Although we use F-score with respect to several performance metrics, the Ti/Tv ratio is one of the key performance metrics in detecting SNVs. Therefore, we first calculated the ratio to assess performance for SNVs detection. We have indicated that the ratio is transiently following the reported range of 2.6–3.3 [25] on all exomes; except SOAP_GATK on exome-3 (3.55) and Mosaik_GATK on exome-4 (3.94). However, the Ti/Tv ratio may not always necessarily mean an accurate performance metric because low-frequency SNVs sometimes have a higher ratio than the moderate-frequency SNVs [7]. In this study, as reported by McKenna et al. [26], we have observed the higher ratio with the accurate variant set. Therefore, we have used the Ti/Tv ratio to examine the accuracy in detecting true positive SNVs and F-score to assess the overall pipeline performance. Our results [Additional file 15: Table S10] along with the previous report by Hwang et al. [6] highlight that SAMtools outperforms GATK in detecting SNVs; in contrast to other reports [12, 13]. However, DeepVariant performed best among the variant callers.

The overall performance of pipelines in detecting InDels is comparatively lower than SNVs detection. This low performance could be due to WES data as they miss many large InDels [19]. Further, we have compared our results with previous benchmarking studies that used GiaB gold standard variant dataset NA12878 (Additional file 15: Table S10) [6, 8, 11, 15, 16]. Our results show that DeepVariant outperformed all the variant callers in contrast to previous studies that GATK consistently performed well for InDel detection. Moreover, DeepVariant has detected more InDels at higher base pair length size than GATK.

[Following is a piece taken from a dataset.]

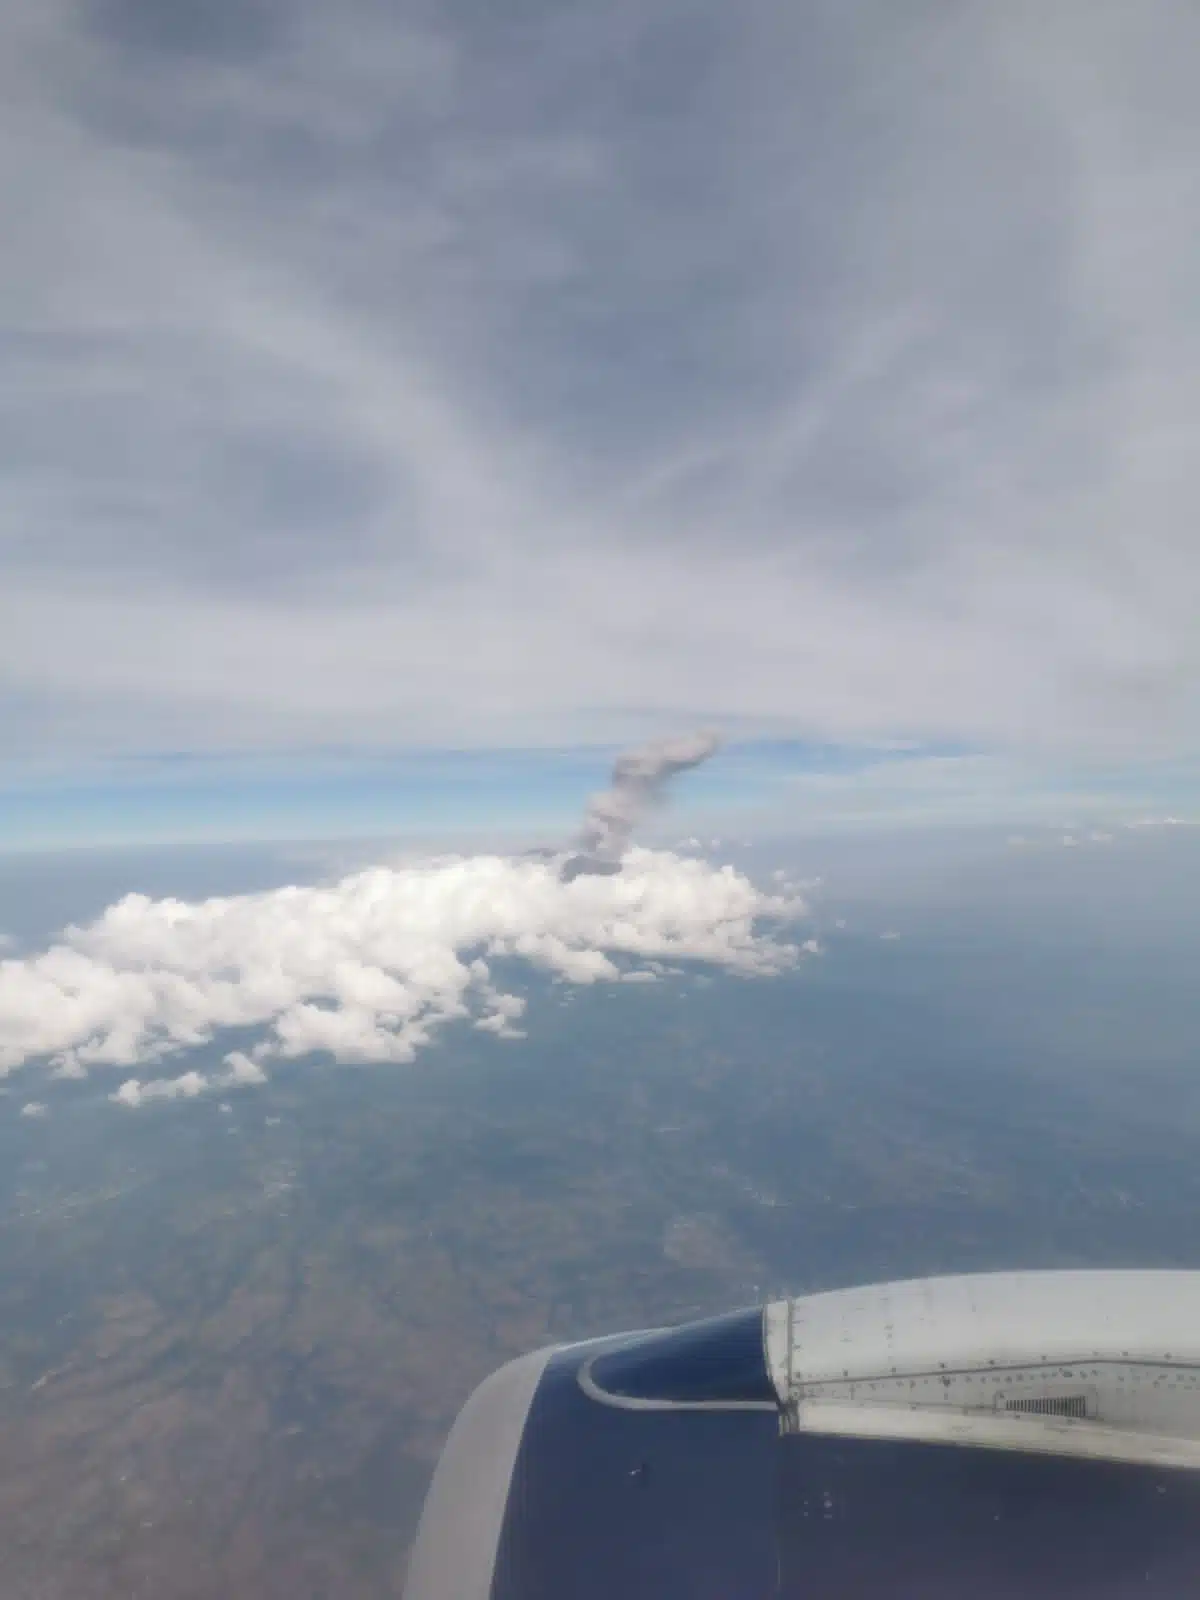 "Se vio impresionante la columna de humo": Sinaloense de Los Mochis captura al "Popo" desde las alturas
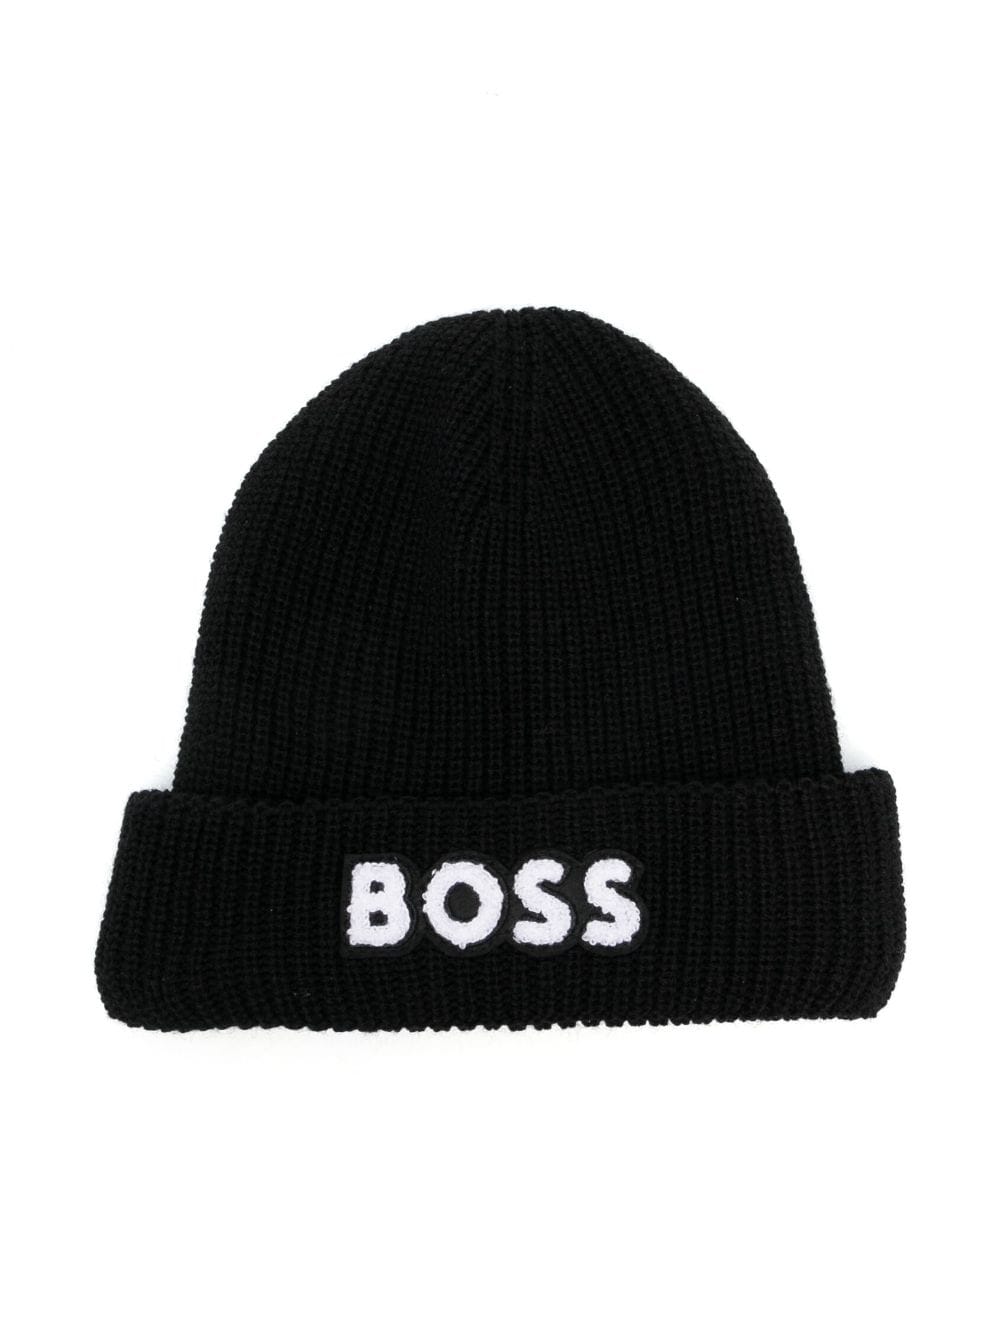 BOSS Kidswear embroidered-logo beanie hat - Black von BOSS Kidswear

Further, we have investigated the influence of aligners, particularly BWA and Novoalign (non-commercial version). The algorithm of BWA balances between running time, memory usage, and accuracy, while Novoalign shows slow and high memory usage that contribute to better mapping. BWA performs better for SNVs and Novoalign for InDels using NA12878 in an agreement with previous reports (Additional file 15: Table S10). Also both aligners perform equally well with subtle differences using NA24385 and NA24631. However, our results indicate that variant caller has more influence in detecting SNVs and InDels than the aligners.

Finally, the selection of the human reference genome is a prerequisite for successful analysis of WES; we have conducted the analysis comparing SNVs and InDels detected based on GRCh38 and GRCh37. Our results show that the pipelines perform slightly better with GRCh38 than GRCh37, possibly due to more true positive (TP) SNVs and InDels detected. In case of missing variants (FNs), GRCh38 has lower (~ 8%) and much lower (~ 20%) number of FNs for SNVs and InDels respectively than GRCh37. Furthermore, our investigation on FNs has indicated that show genotype quality and depth of the coverage influence the FN detection (Fig. 7). In this study, we report GRCh38 is preferred genome for evaluation studies. Moreover, it is reported to offer high coverage, more accurate genomic analysis and improved annotation of the centromere regions [27].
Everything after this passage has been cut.